Assigned task> Print the line that has "Height 16.5 Inches" in it, then every remaining line of the data, exactly and without anything extra.

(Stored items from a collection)
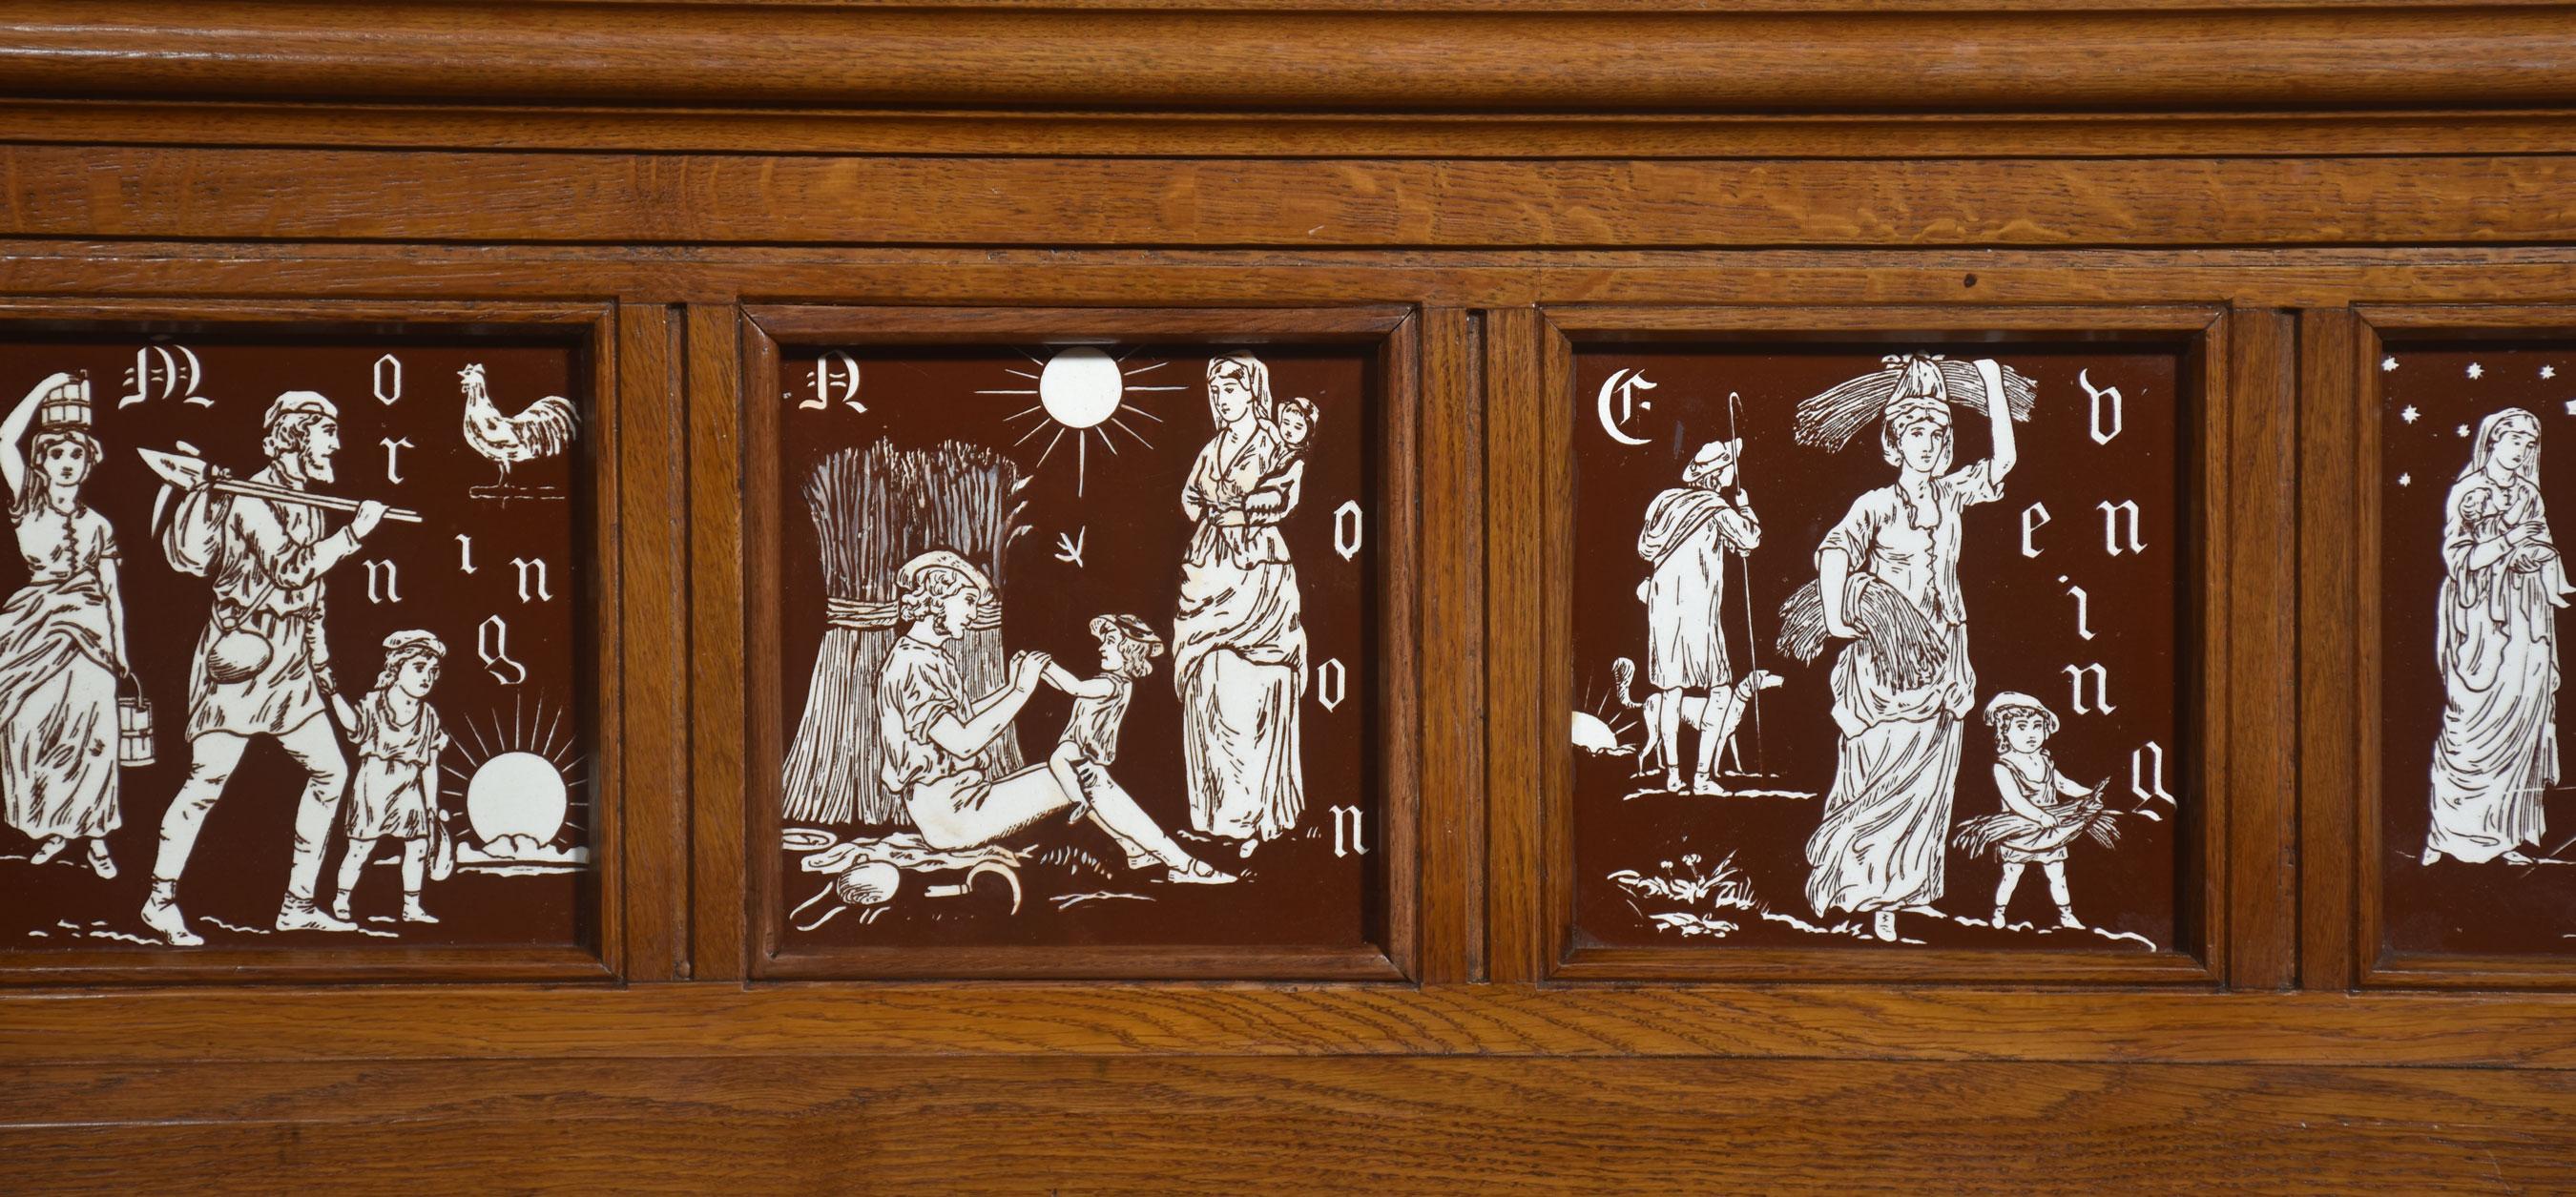 Set of four Minton holies tiles depicting Morning, Noon, Evening and night. Encased in solid oak frame.
Dimensions
Height 16.5 Inches
Width 72.5 Inches
Depth 4 Inches

Response area>
Height 16.5 Inches
Width 72.5 Inches
Depth 4 Inches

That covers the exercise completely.